Individual EKG waveforms (i.e. a single cycle from a particluar lead) can be extracted from epochs containing many such waveforms. These single waveforms can then be shifted and synchronized about a common feature present in all of them, and can be averaged together on a point by point basis. This averaging can be done in an attempt to reduce the noise content of the signal, to look for differences between individual waveforms, or to look for differences between the average and individual waveforms (e.g. "late potentials").
Here is an example of extracting and averaging 4 single cycle waveforms from a 4 second epoch of a V3 EKG signal recorded previously:
Each of the extracted waveforms is synchronized about the R peak of the trace, which has been arbitrarily placed 1/4 of a second (64 points) into the cycle.

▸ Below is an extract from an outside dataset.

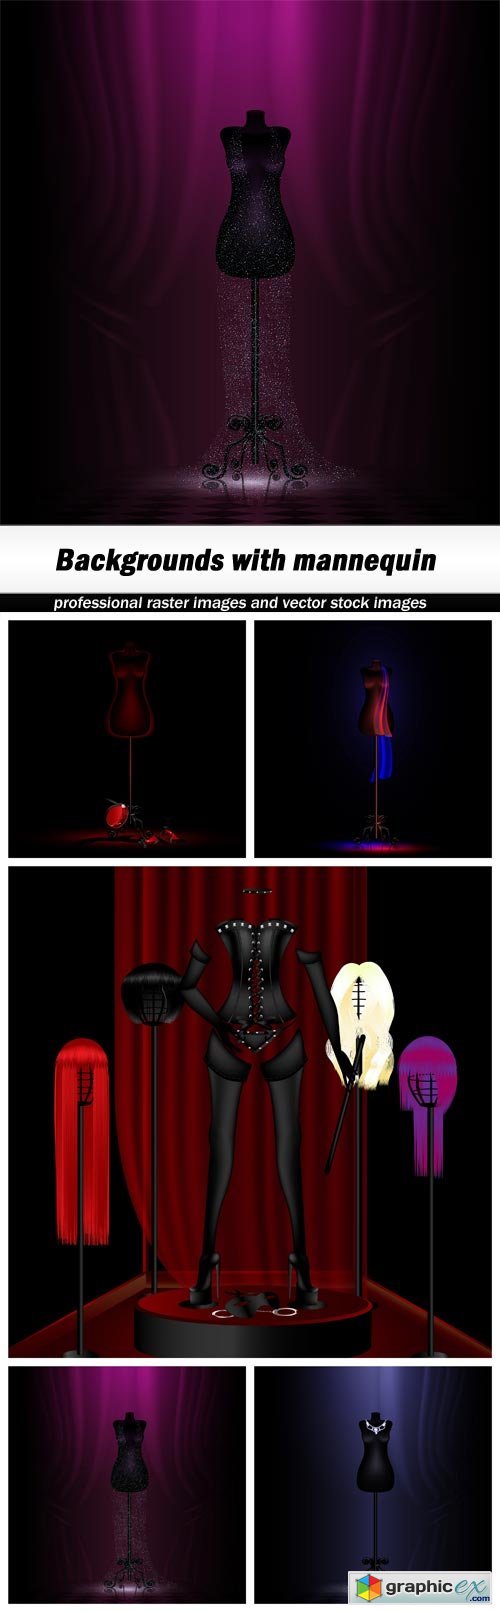 Backgrounds with mannequin - 5 EPS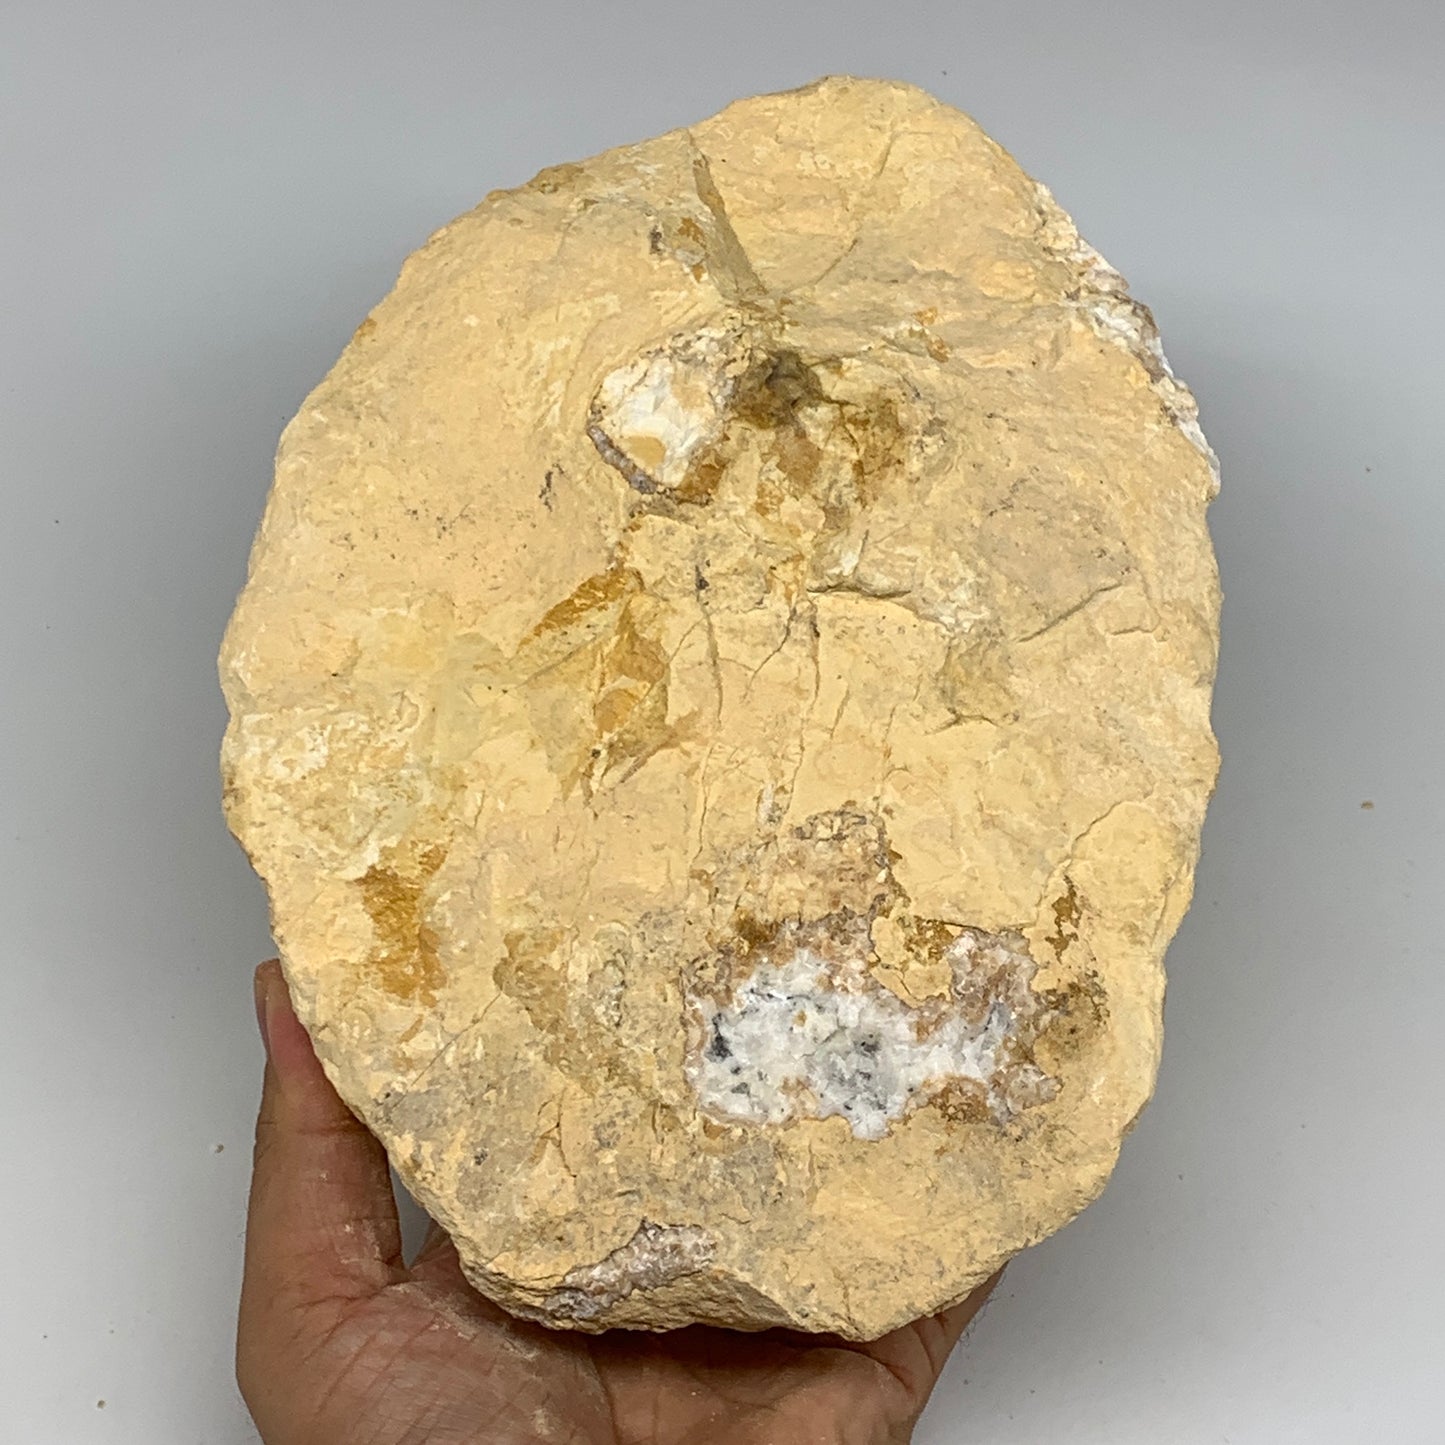 5.56 lbs, 8.5"x5.8"x3.2", Natural Calcite Geode Mineral Specimens @Morocco, B111

Currently this extraction and synchronization is perfomed manually, but eventually it will be performed automatically by the software from multiple epochs. The entire V3 epoch is also shown for comparison. Waveforms which cross the ends of the epoch are simply padded with zeros:
The averaging process appears to have little effect on this particular signal, since there is a low noise content, and each individual trace is very similar to one another. However, signals contaminated by additional noise components, or which vary from waveform to waveform, may benefit more from this technique.
Here are plots showing a comparison between the average signal (in red) and one of its individual waveforms (in blue). Also shown is the difference between these two waveforms. Finally, the magnitude of the spectrum of the average (in red) is shown compared to the spectrum of the difference (in blue). The difference spectrum is also shown at a larger scale for convenience.